== Data below ==
***
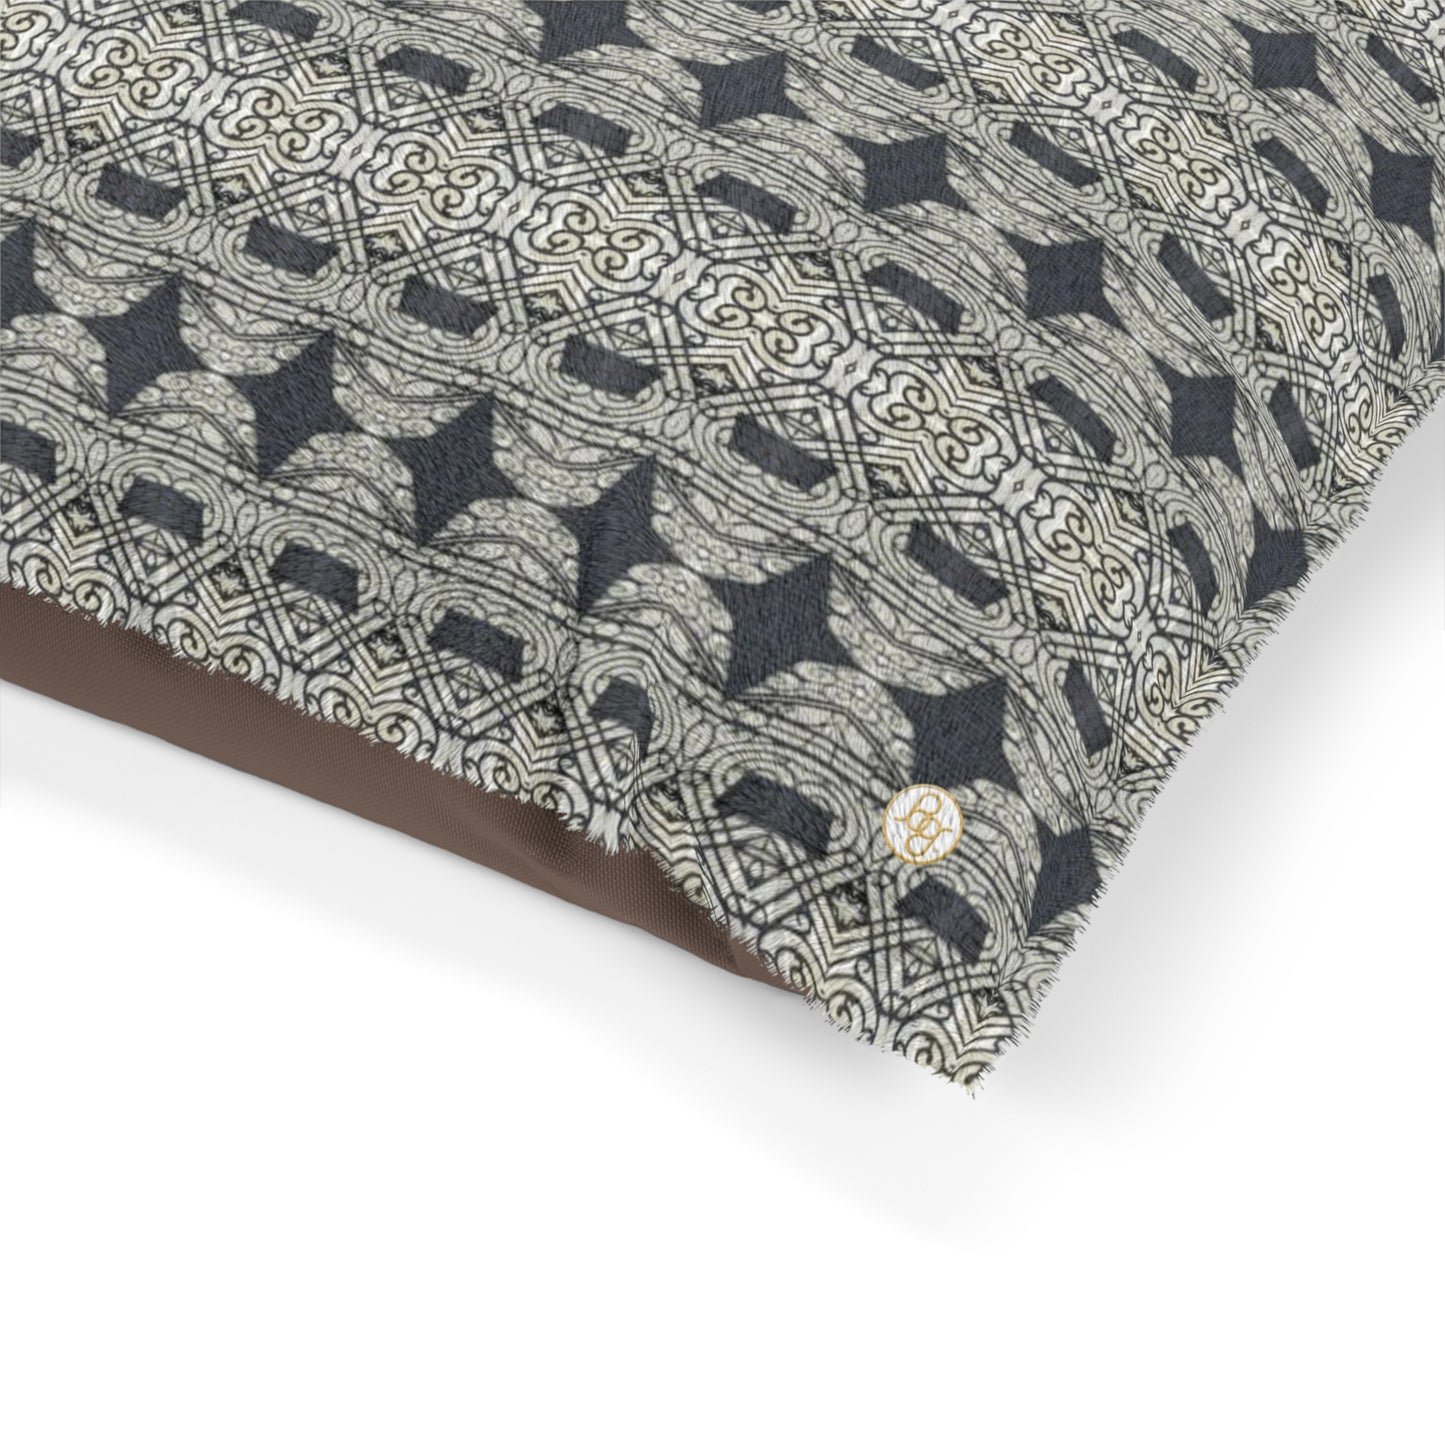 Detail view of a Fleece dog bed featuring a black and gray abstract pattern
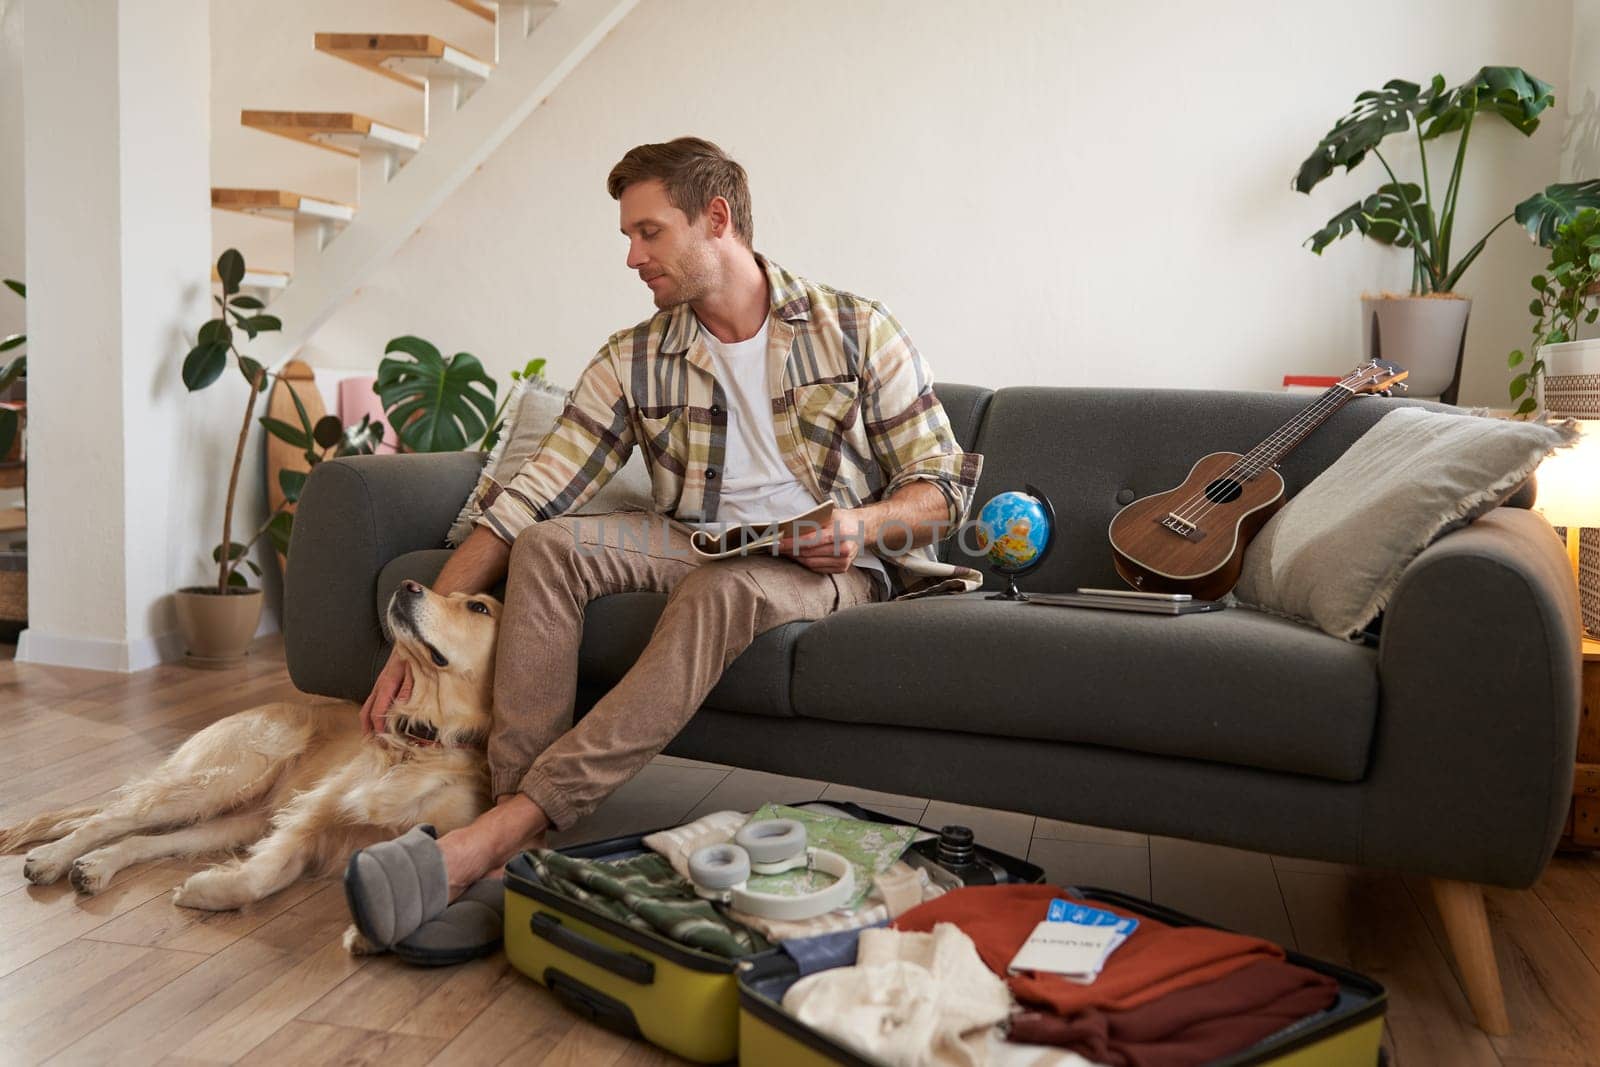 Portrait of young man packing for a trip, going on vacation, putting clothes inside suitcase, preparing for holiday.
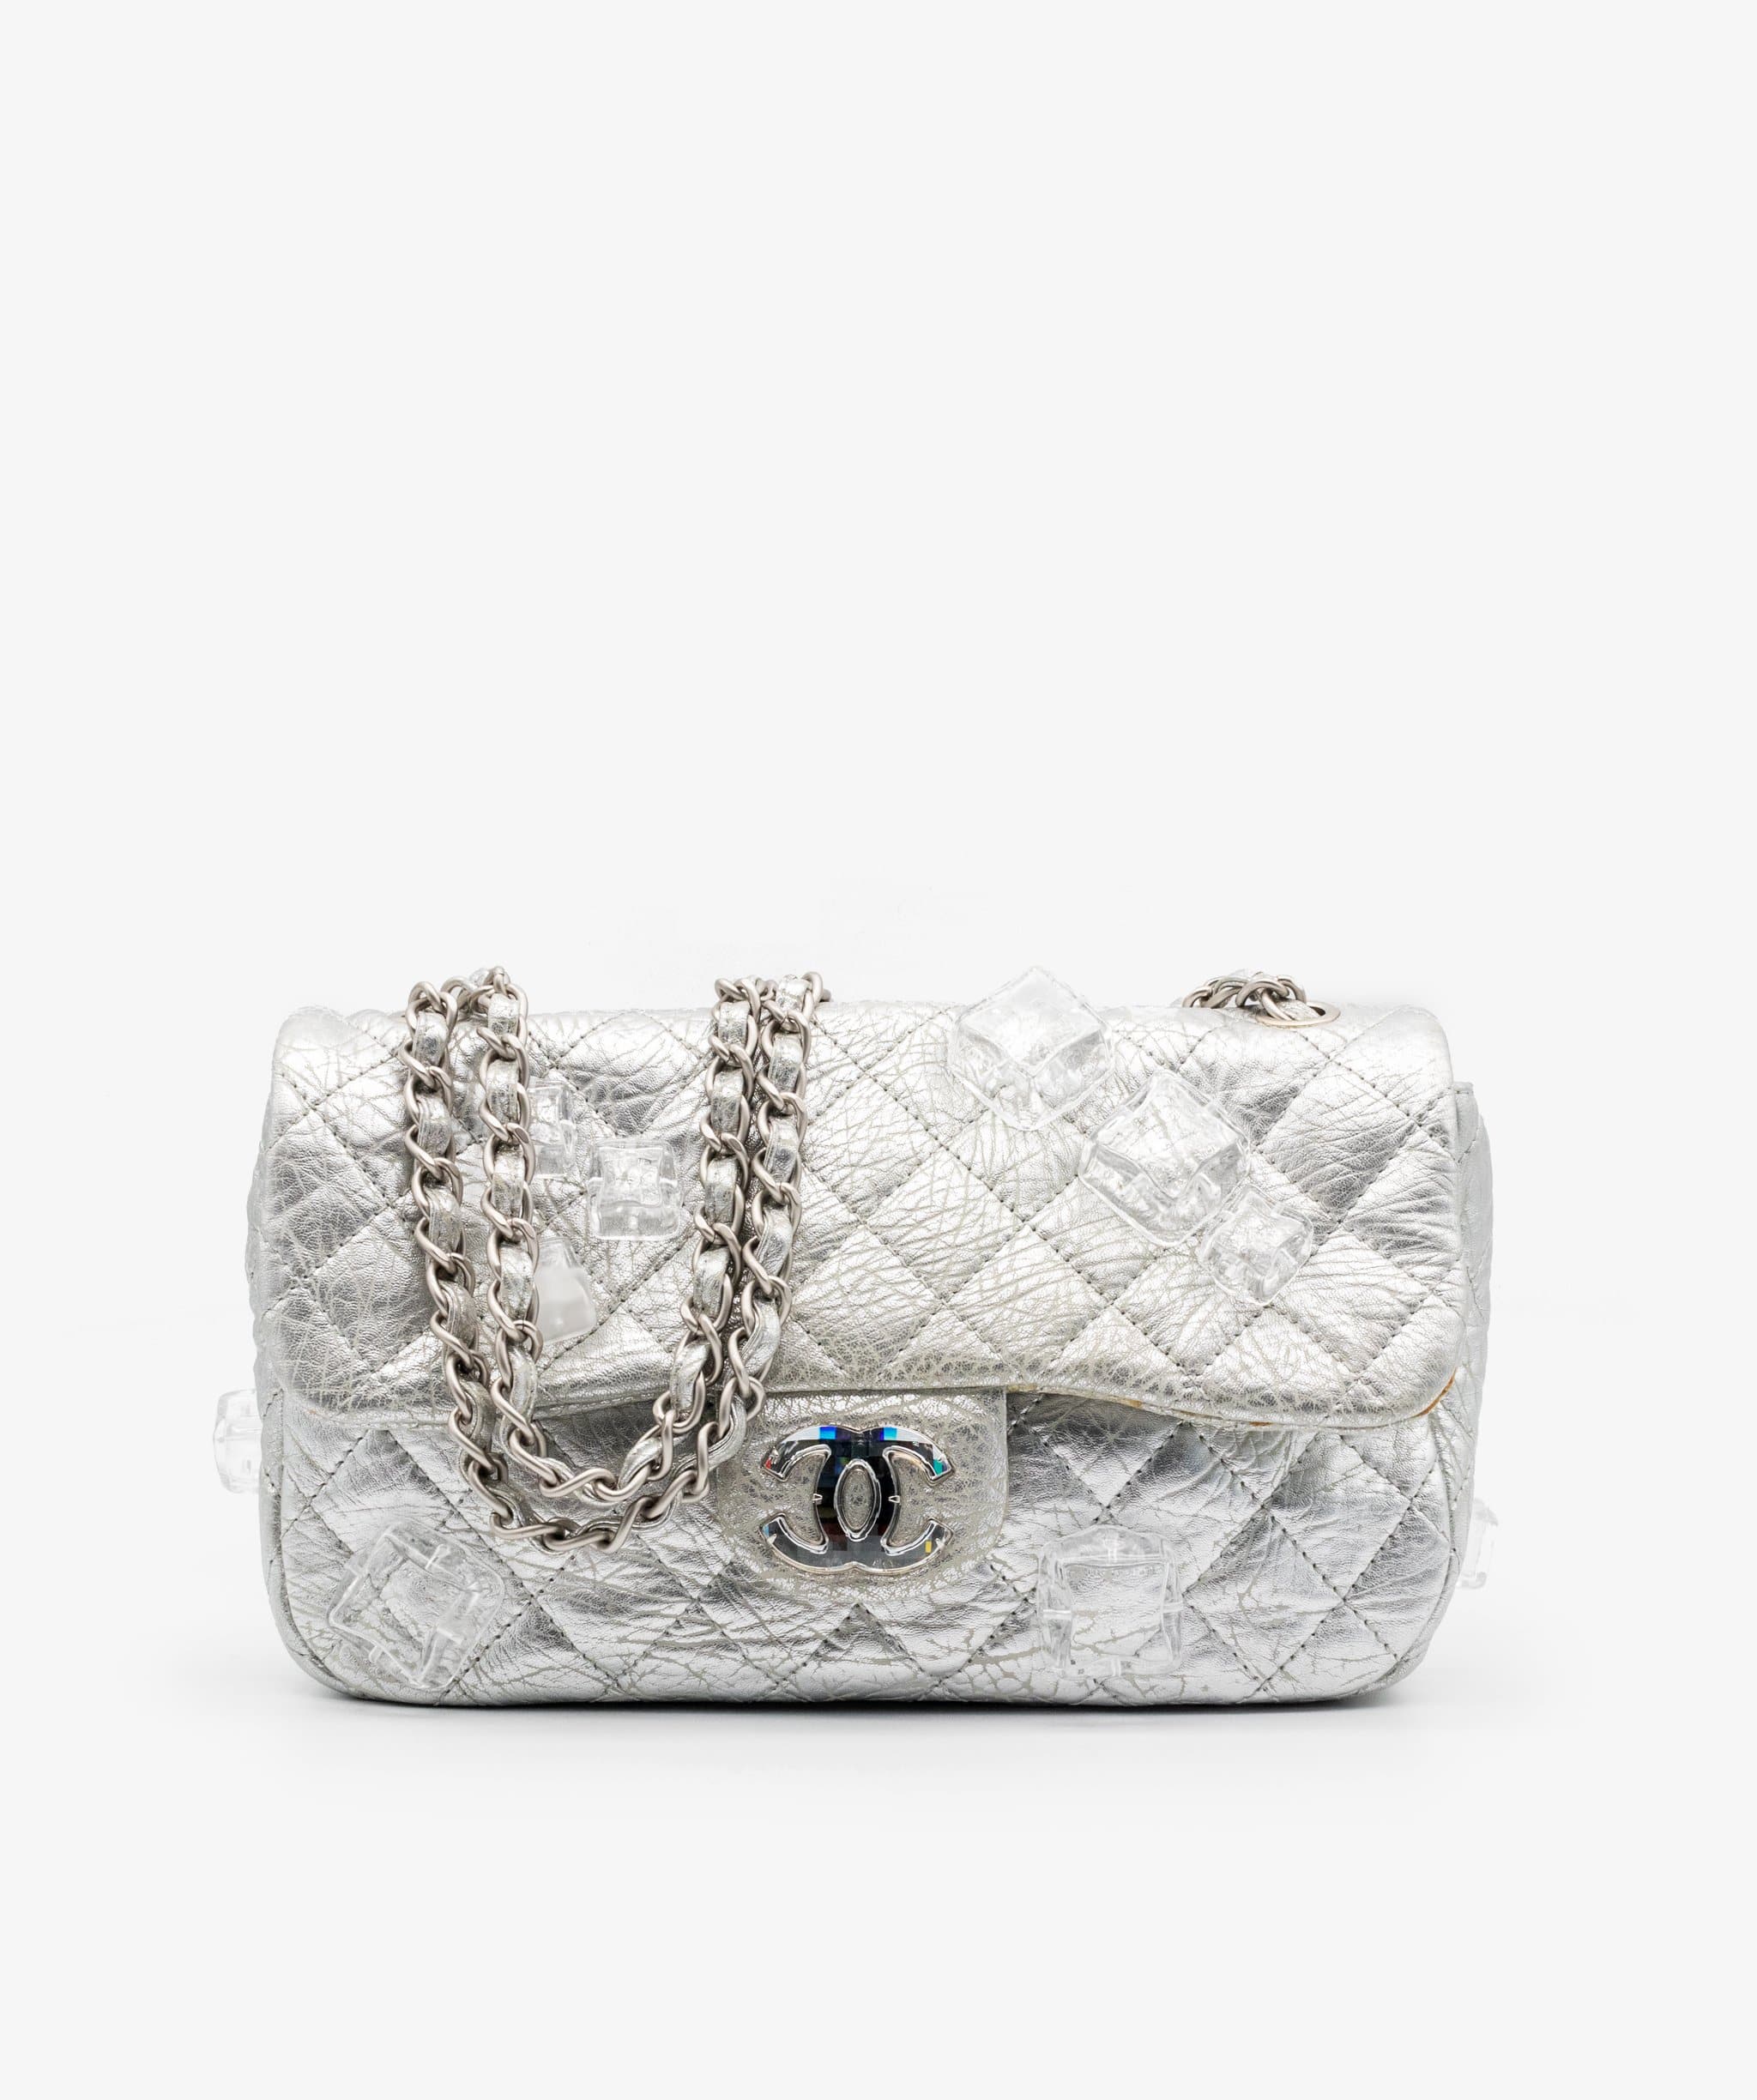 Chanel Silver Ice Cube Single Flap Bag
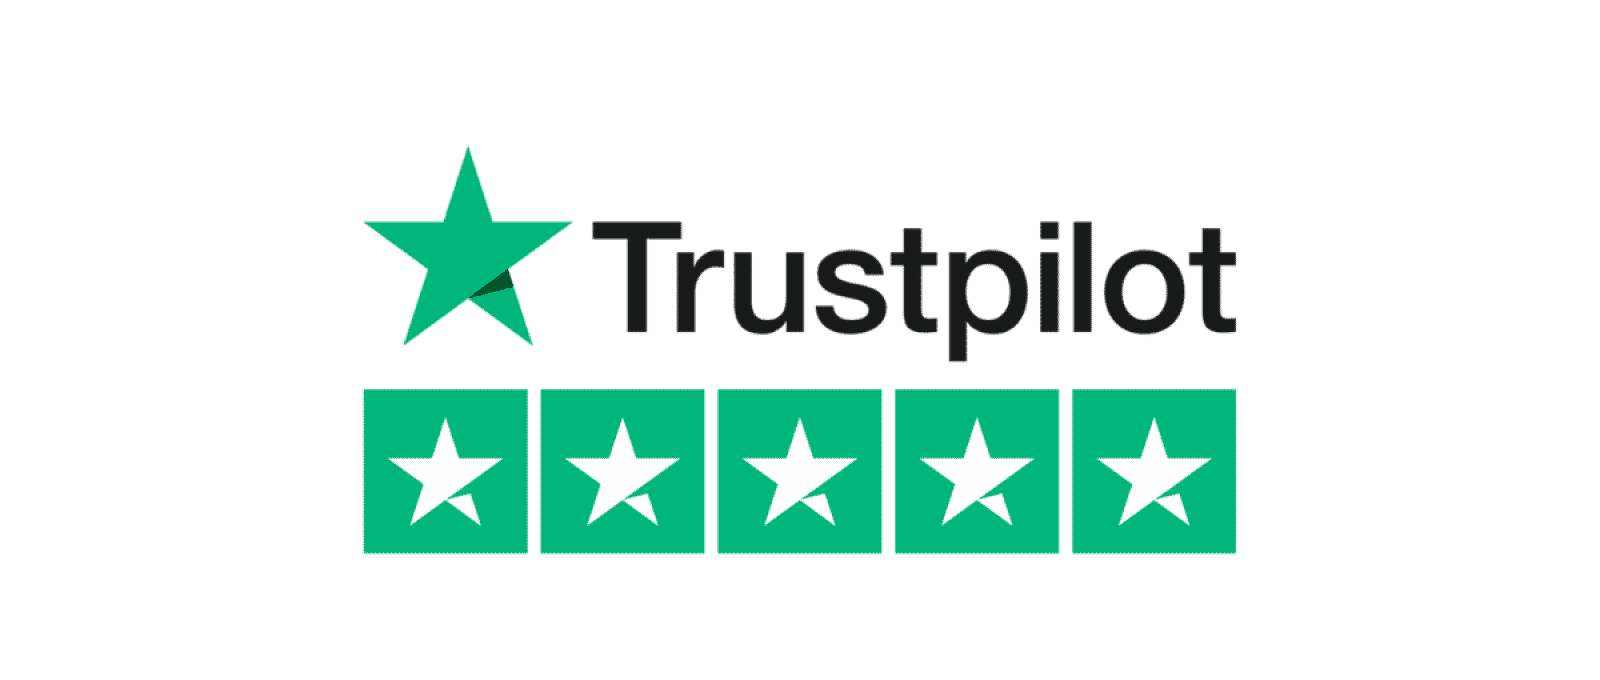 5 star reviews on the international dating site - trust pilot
***
== Assignment ==
Without the pictures, transcribe the lines from the one containing "Chanel Silver Ice Cube Single Flap Bag" through the end of the data, exactly and only those.

== Reply ==
 Chanel Silver Ice Cube Single Flap Bag
 5 star reviews on the international dating site - trust pilot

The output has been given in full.